Pérez-Ángel met University of Colorado Boulder (CU Boulder) geoscience professors Julio Sepúlveda and Peter Molnar when organizing a field trip to Colombia for their group, and they became Lina’s doctoral advisers at CU Boulder not long after.
But her path into the academic world had started before graduate school. “During my last undergrad year, I started to engage with research work from several professors. I realized that I really enjoyed research and reading scientific papers—it was all like a mystery-solving game.
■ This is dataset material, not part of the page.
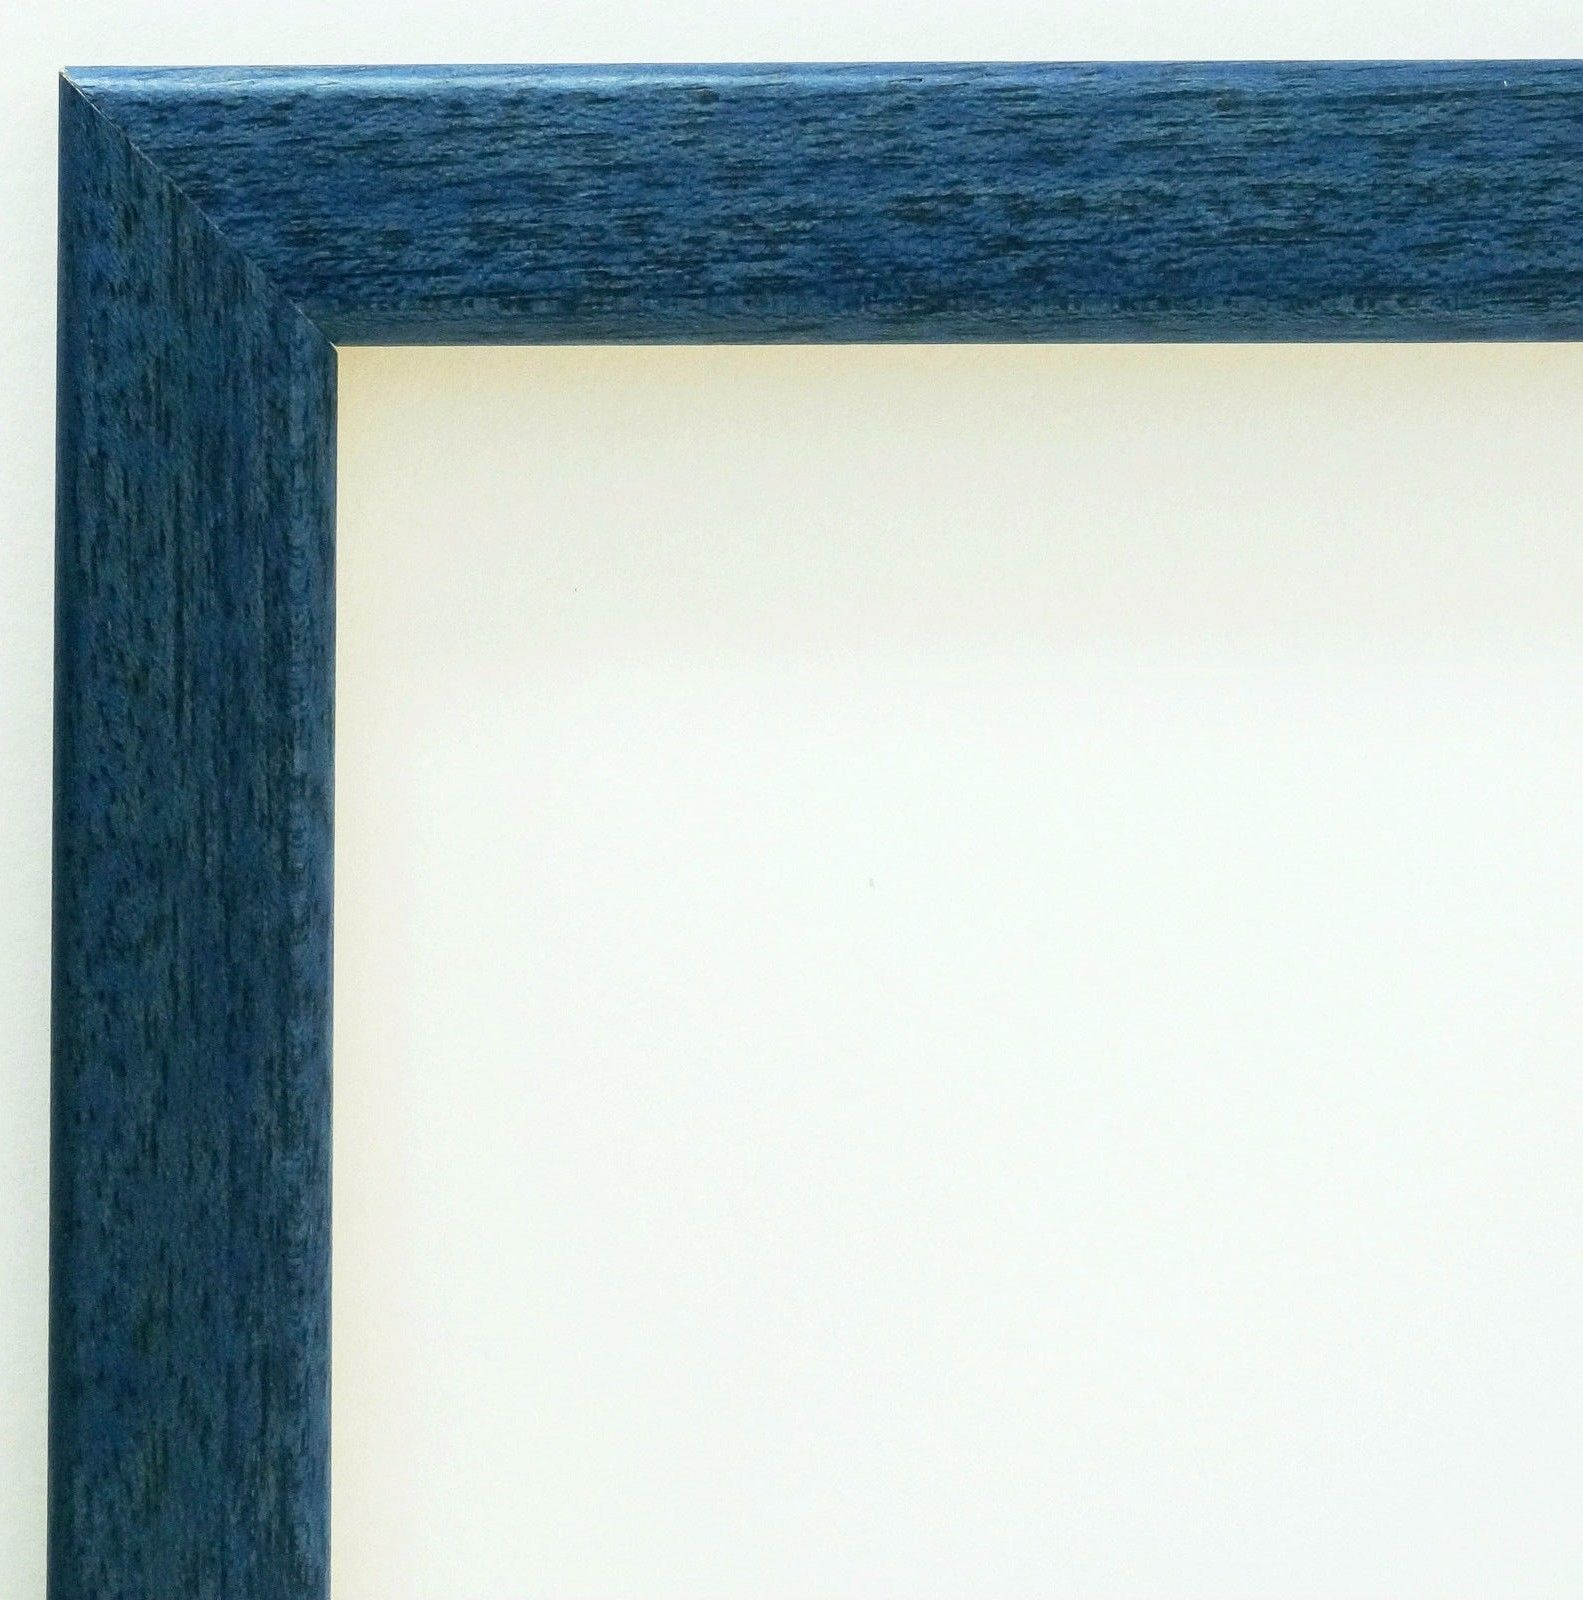 Bilderrahmen Blau Modern Rahmen Holz Art Deco Hannover 2, 4 - alle ...

It had never occurred to me that you could get paid to solve mysteries!” she said.
The mysteries Pérez-Ángel investigated during her Ph.D. involved what happened to climate in the tropics (specifically in what is now Colombia) during the Pliocene. “The tropics are hard to study because, in terms of temperature, fluctuations are really minimal.…There’s a lot of paleoclimatological data on mid- and high latitudes, but not so much for the tropics,” she said.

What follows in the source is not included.